On 2015-08-07 06:40, Mike Fleetwood wrote:
On 7 August 2015 at 10:47, Sjoerd <sjo...@sjomar.eu> wrote:
While we're at it: any idea why the default for SSD's is single for meta data
as described on the wiki?
(https://btrfs.wiki.kernel.org/index.php/Using_Btrfs_with_Multiple_Devices#Filesystem_creation)

I was looking for an answer why my SSD just had single metadata, while I
expected it to be DUP and stumbled on this wiki article. Can't find a reason
for why a SSD would be different?

Cheers,
Sjoerd

I would assume that it is because some SSD drives controllers
deduplicate by default [1].  The developers probably think that when
it comes to your data the truth, no mater how ugly, is preferable to a
false sense of security.  (Btrfs thinking it has 2 copies of metadata
when the SSD drive only actually has stored 1 copy).

[1] How SSDs can hose your data
http://www.zdnet.com/article/how-ssds-can-hose-your-data/
"Researchers found that at least 1 Sandforce SSD controller - the
SF1200 - does block-level deduplication by default.
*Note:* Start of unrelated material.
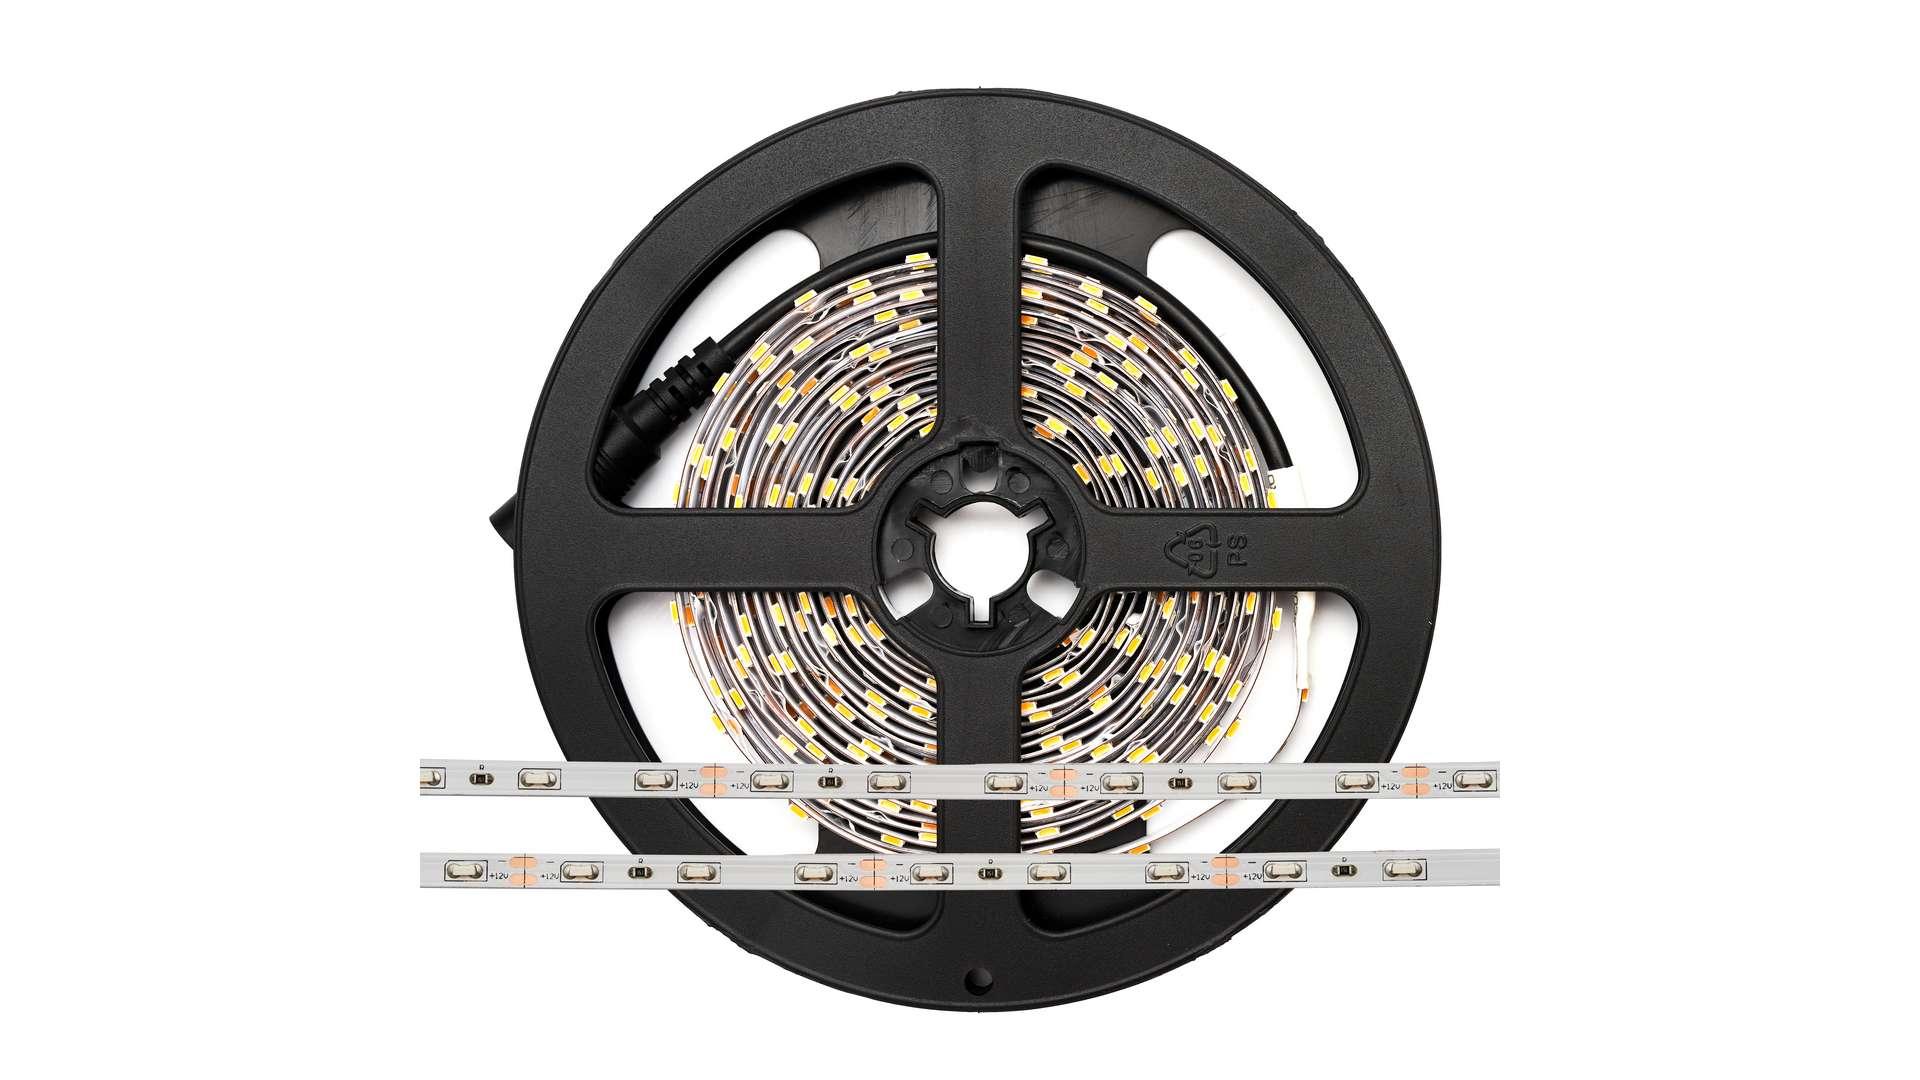 Taśma boczna 300 LED 60 LED/m 335 SMD, B. Zimna

Which can be a
problem.

Many file systems - NTFS, most Unix/Linux FSs, ZFS are some - write
critical metadata to multiple blocks in case one copy gets corrupted.
But what if, unbeknownst to you, your SSD de-duplicates that block,
leaving your file system with only 1 copy? "

And of course there's the counter-argument from the manufacturers that do this:
"But we use ECC, so only having one copy of the data is still safe!"
which is obviously something from their marketing department and not the people who actually understand how this works, most SSD's only do SECDED (Single error correction, double error detection) ECC, which is very much insufficient if it's MLC flash, as losing a single cell causes multiple bits to go bad.

The other reason, which applies to all SSD's, is that the oisk layout is very different from how things are actually stored on the flash chips themselves, and most firmware will group writes temporally, likely causing both copies of the metadata to be put on the same erase block, which in turn means that the duplication provides essentially zero protection beyond having a single copy.